Min Zhang. Harbin Institute of Technology (Shenzhen), Shenzhen, China.

References

[1] Zhao, Y., Wei, J., Lin, Z., Sun, Y., Zhang, M., & Zhang, M. (2022, December). Visual Spatial Description: Controlled Spatial-Oriented Image-to-Text Generation. In Proceedings of the 2022 Conference on Empirical Methods in Natural Language Processing (pp. 1437-1449).

[2] Zhao, Y., Fei, H., Ji, W., Wei, J., Zhang, M., Zhang, M., & Chua, T. S. (2023, July). Generating Visual Spatial Description via Holistic 3D Scene Understanding. In Proceedings of the 61st Annual Meeting of the Association for Computational Linguistics (pp. 7960-7977).
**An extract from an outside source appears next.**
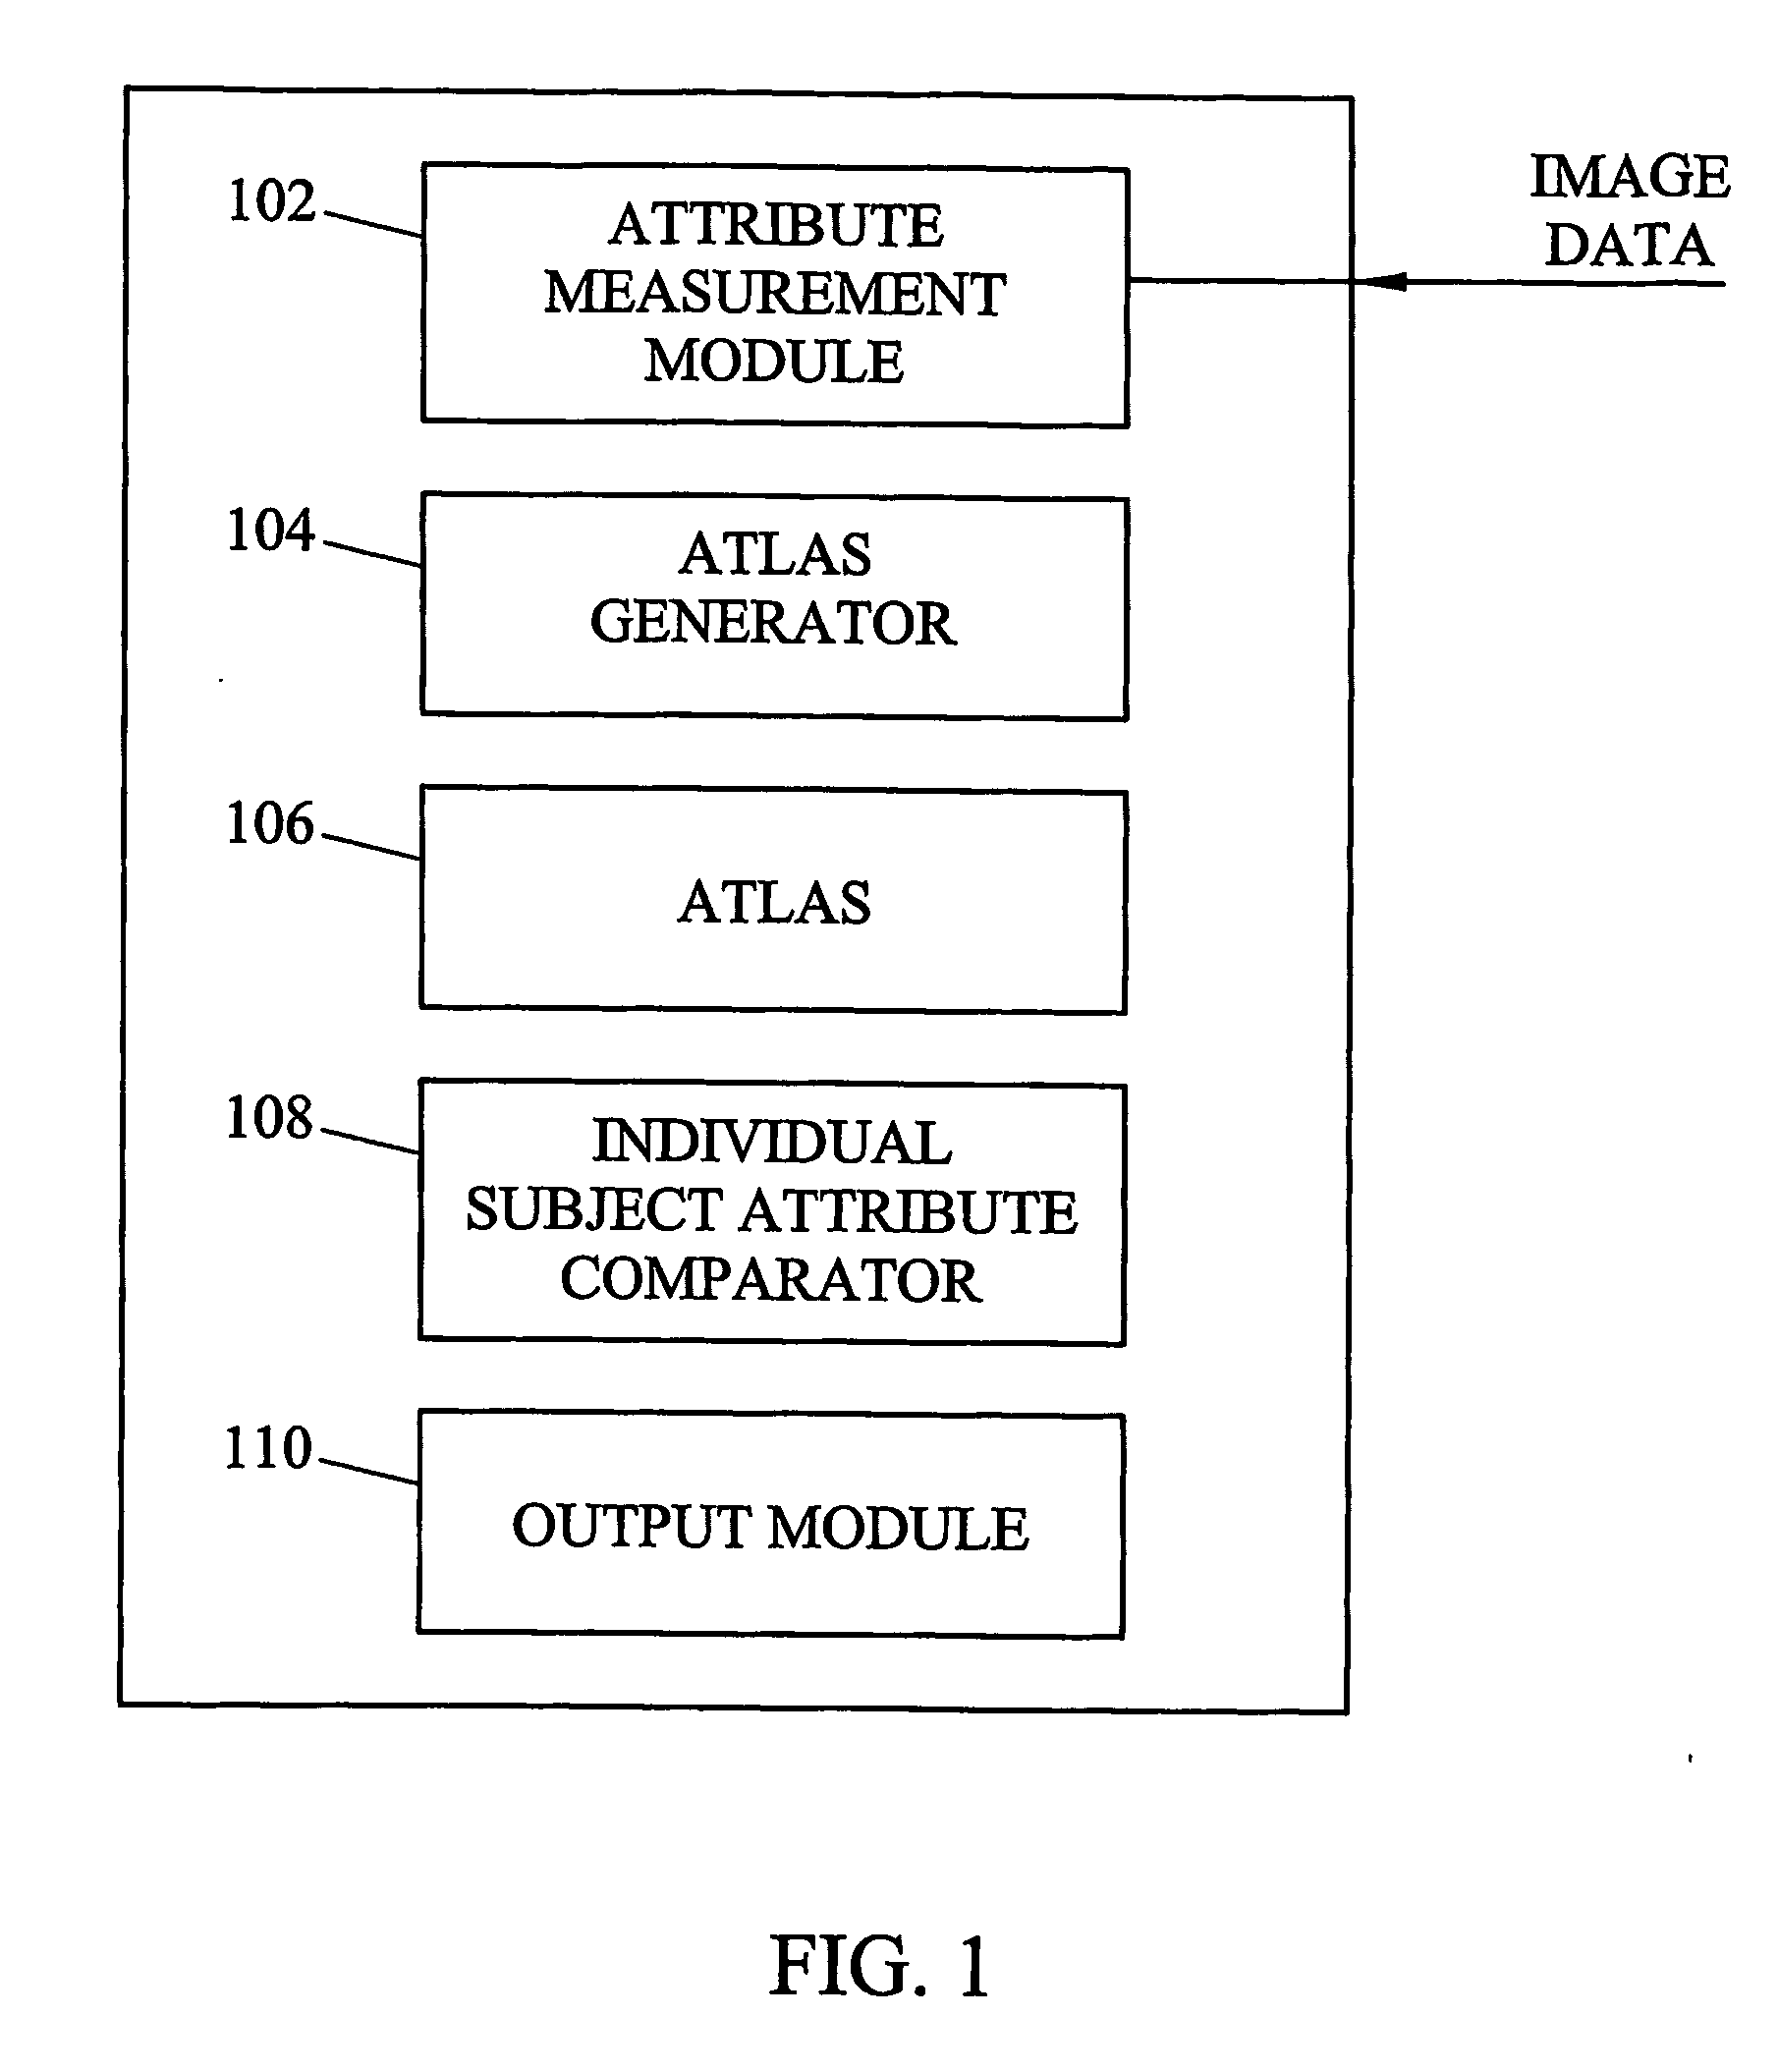 Systems, methods, and computer program products for analysis of vessel attributes for diagnosis, disease staging, and surfical planning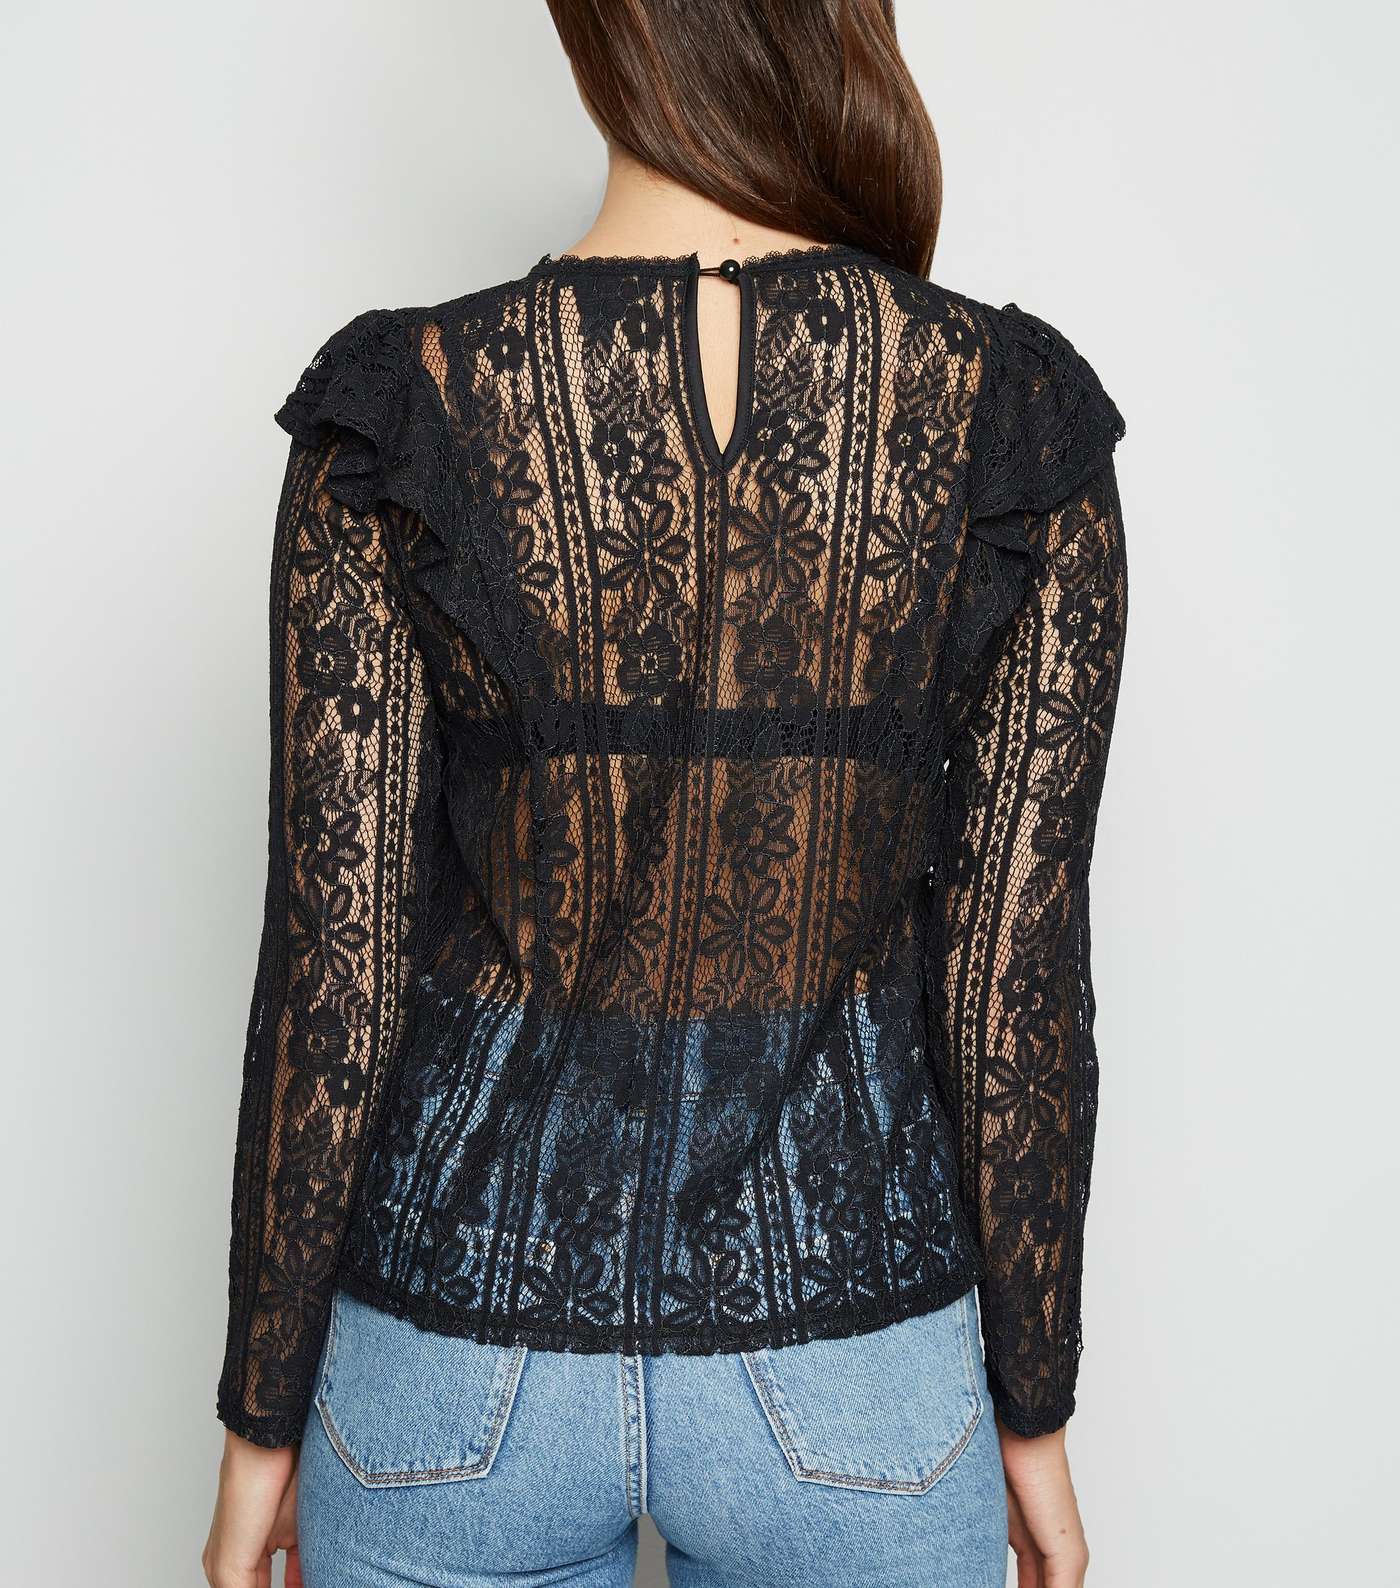 Black Lace Long Sleeve Frill Trim Top Image 3

[3] Yang, K., Russakovsky, O., & Deng, J. (2019). Spatialsense: An adversarially crowdsourced benchmark for spatial relation recognition. In Proceedings of the IEEE/CVF International Conference on Computer Vision (pp. 2051-2060).

[4] Raffel, C., Shazeer, N., Roberts, A., Lee, K., Narang, S., Matena, M., ... & Liu, P. J. (2020). Exploring the limits of transfer learning with a unified text-to-text transformer. Journal of machine learning research, 21(140), 1-67.